Interim Results
Dowlis Corporate Solutions plc
27 September 2007
Date: 27 September 2007
On behalf of: Dowlis Corporate Solutions plc ('Dowlis', 'the Company' or
'the Group')
Embargoed until: 0700hrs
Dowlis Corporate Solutions plc
Unaudited Interim Results
Dowlis Corporate Solutions plc (AIM: DWL), the marketing, information and
logistics solutions business, today announced its interim results for the six
months ended 30 June 2007.
The key highlights are:
• Turnover of £10.4m (2006: £9.4m), an increase of 11.1% on 2006 interim
period
• Pre-tax profits of £0.48m against loss of £0.28m in the same period last
year
• Earnings per share at 0.74p (2006: loss of 0.57p)
• Acquisitions made in 2006 performing strongly and each producing increased
profits
• Launch of PromoServe in USA
• Successful launch of Dowlis.com online business
• Craig Slater appointed as CEO
Commenting on the results, Colin Cooke, Chairman, said:
'I am pleased with the performance of our divisions and the progress made in the
past year. The results from our Promotional Marketing division are much improved
reflecting the considerable work done by the team to refocus this business. The
Trade Only division has shown strong revenue growth and we look forward to
continuing to develop this division further.
'We are delighted to welcome Craig Slater to his new role as Chief Executive.
He brings with him a wealth of experience and we are confident that he will make
a substantial contribution to the Group.'
Enquiries:
Dowlis Corporate Solutions plc www.dowlis.com
Martin Varley /Barrett Bedrossian 0870 224 6677
Redleaf Communications
Emma Kane/Sanna Lehtinen/Susan Quigley 020 7822 0200
Daniel Stewart & Company plc
Lindsay Mair / Tom Jenkins 020 7776 6550
Zeus Capital
Alex Clarkson 0161 831 1512
• Publication quality photographs are available via Redleaf.
CHAIRMAN'S STATEMENT
Review of Operations
Promotional Marketing (Under IFRS)
Half year Half year Full year
2007 2006 2006
£000's £000's £000's
Turnover 8,597 8,283 16,272
Operating Profit (before exceptional items) 363 72 683
Operating Profit/(Loss) (after exceptional items) 363 (528) (2)
This division provides Promotional Merchandise to corporate customers whose
aggregate UK spend is estimated at over £1 billion. All products are
personalised in line with the customer's brand or wider marketing message, the
majority of orders are required for particular events or promotions and
therefore customer service is seen as a key differentiator.

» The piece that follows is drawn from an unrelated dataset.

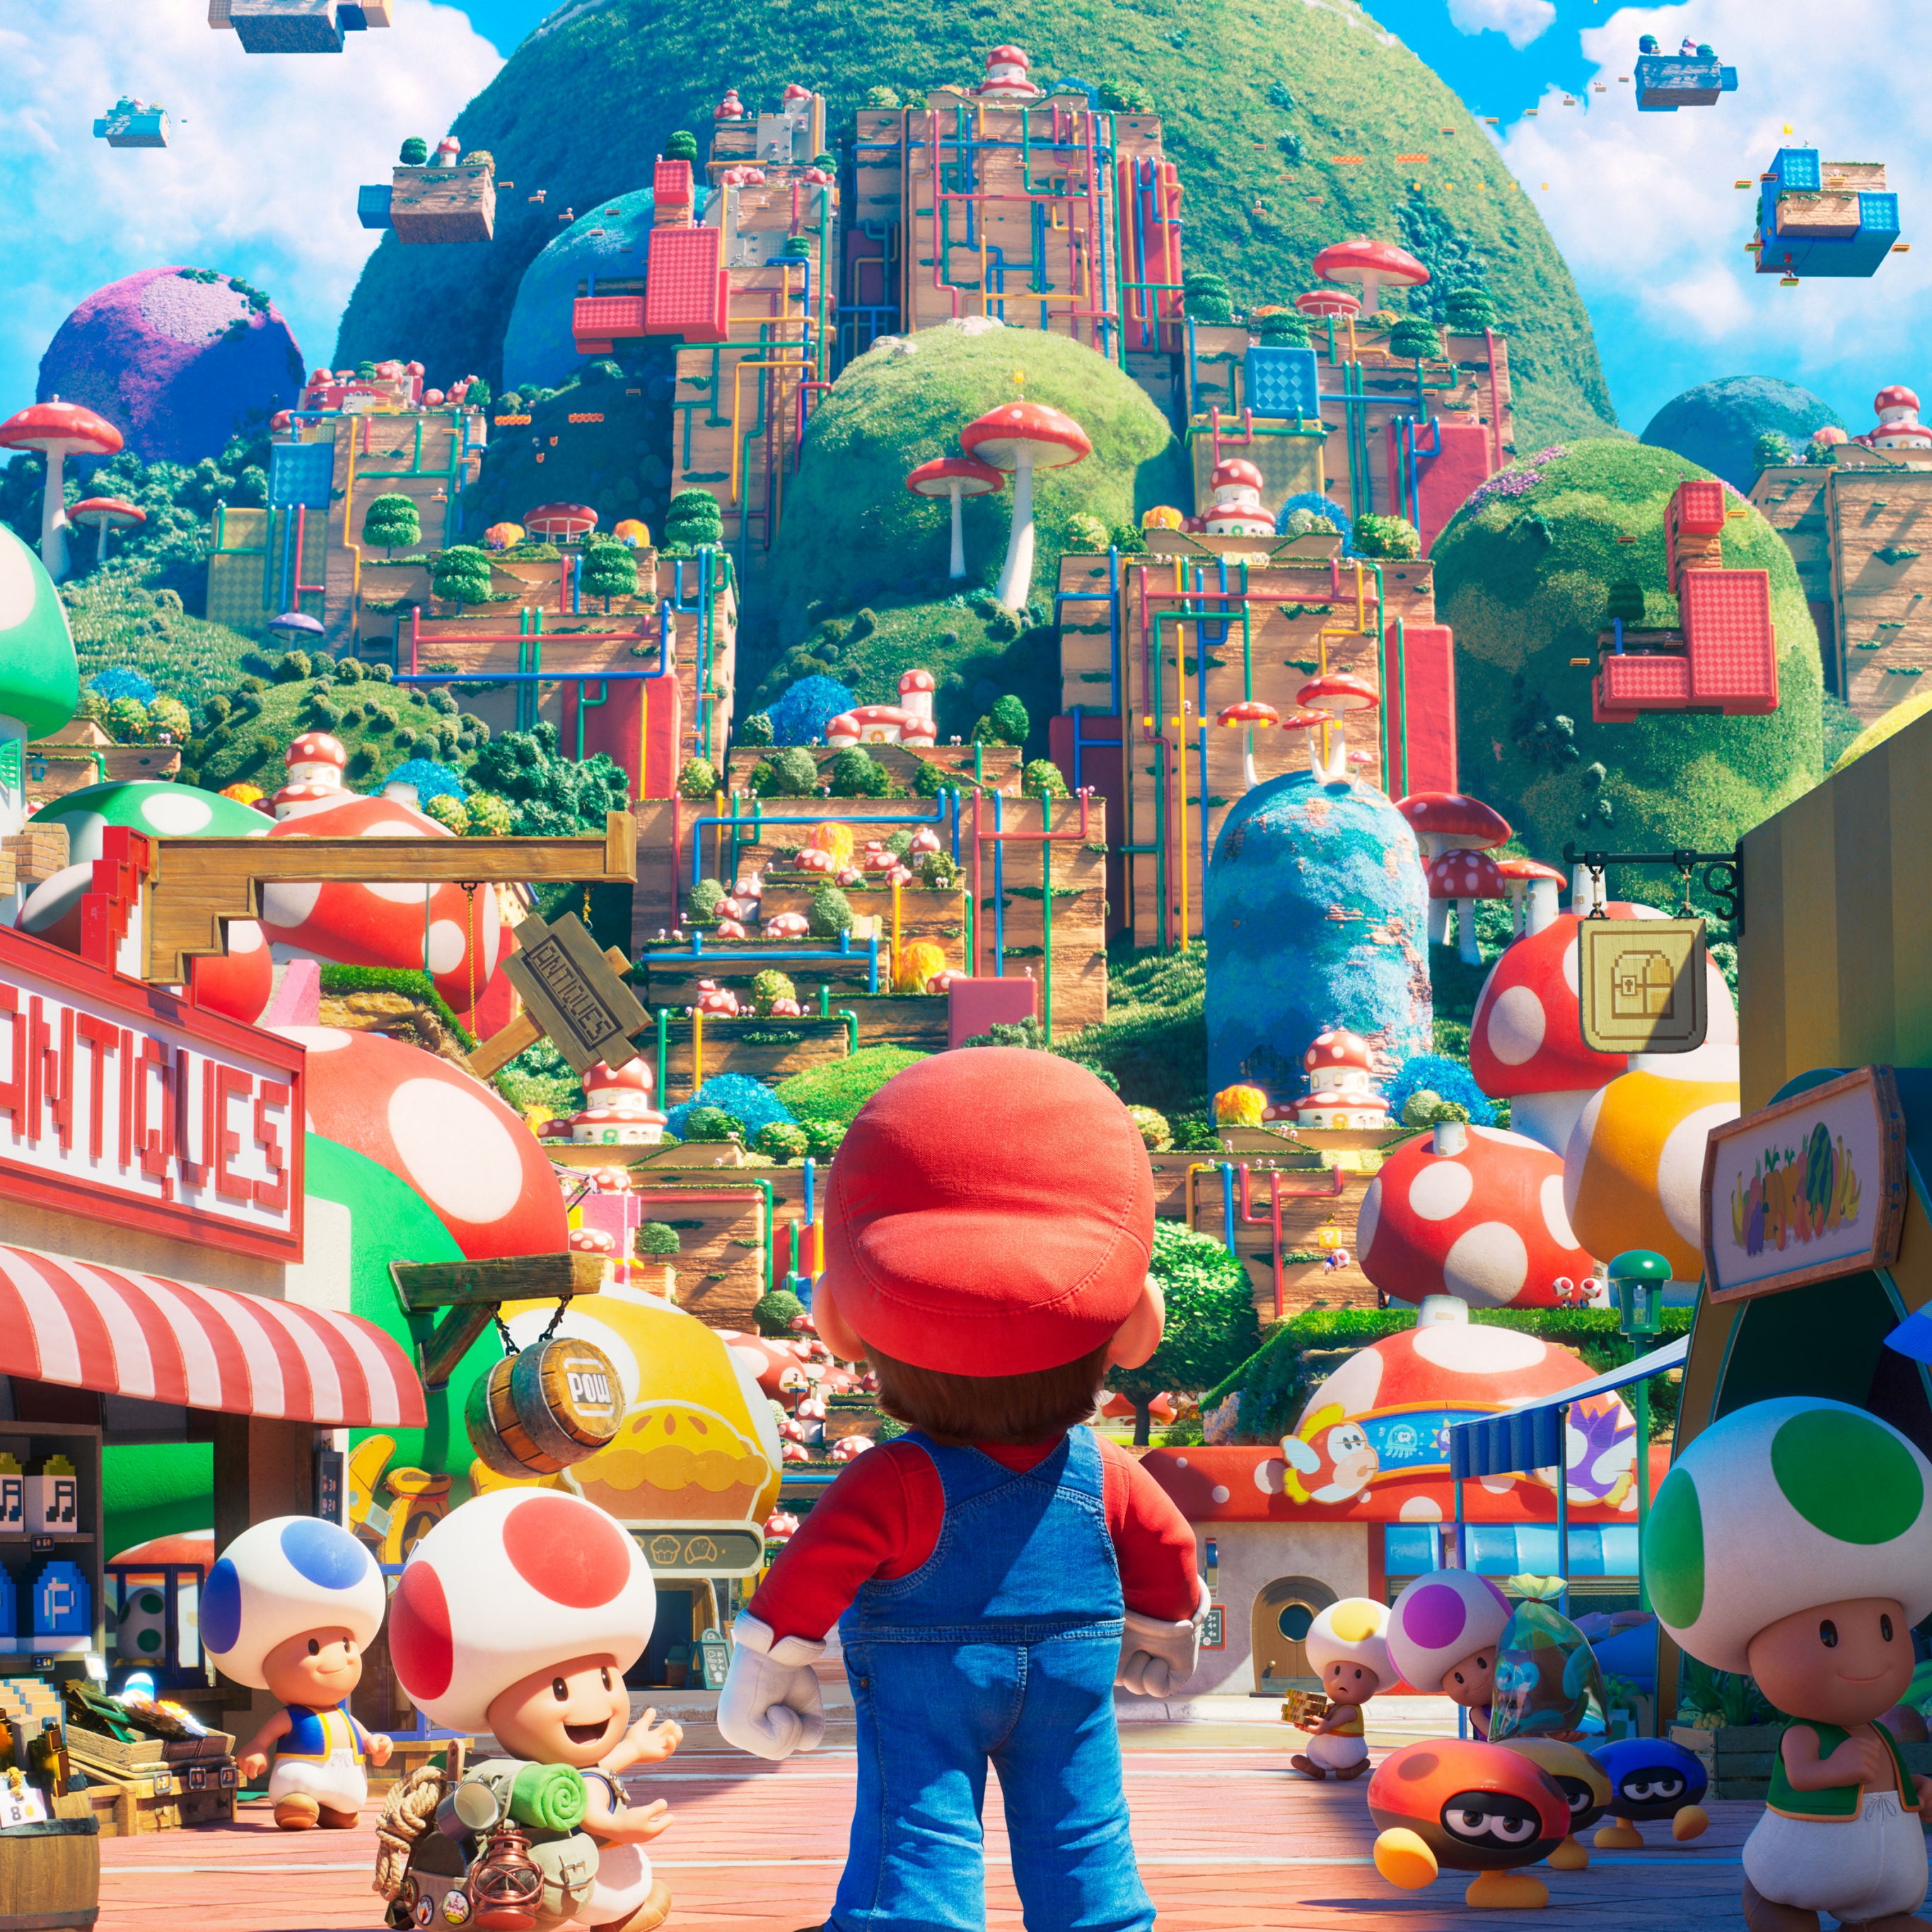 Tình yêu dành cho trò chơi kinh điển Super Mario Bros sẽ được tái hiện hết sức sống động qua bộ hình nền phim đồ họa chất lượng cao. Chắc chắn bạn sẽ thích thú khi được ngắm nhìn Mario, Luigi và các nhân vật hài hước khác trên màn hình nhà bạn.

Key clients of this
division include HBOS, Daimler Chrysler and O2.
Ross Promotional
This company was acquired 18 months ago and continues to perform strongly, with
sales this year some 20% ahead of 2006. The business collects orders primarily
by phone from regular clients and has achieved solid returns from an increased
investment in catalogue mailings to customers and defined prospects. We expect
the full year to show good progress in this business with strong cash
generation.
DCS Manchester
This business continues to build on the successes of 2006 and revenues are ahead
of the same period last year. One of the key trends in the industry is the shift
towards online sales and this is being addressed. Based on our research, we have
spent the last six months developing an online business that launched earlier
this month, backed up by highly experienced customer service staff at the
Manchester facility.
DCS Byfleet
Last year, Dowlis in Byfleet put in place both a new structure and Managing
Director. We have started to see some benefits from this, with new account wins
and improved levels of service to key clients.
Distinctive Ideas
Acquired 11 months ago, Distinctive Ideas is performing well and is fully
integrated into the Group. At the end of June, profits were 20% ahead of the
same period last year and the customer base has been strengthened.
Overview
This segment of the Group is exploring ways to serve customers in more
economical ways, and we are confident that the combination of a highly motivated
management team, combined with the online strategy will deliver solid results
over the next 18 months. We continue to explore other acquisition opportunities
based on our model of acquiring a majority shareholding, with the balance
purchased through 'put' and 'call' options at agreed earnings enhancing
multiples in future years. We believe that keeping management teams highly
incentivised and focused is a key element to future growth and profitability.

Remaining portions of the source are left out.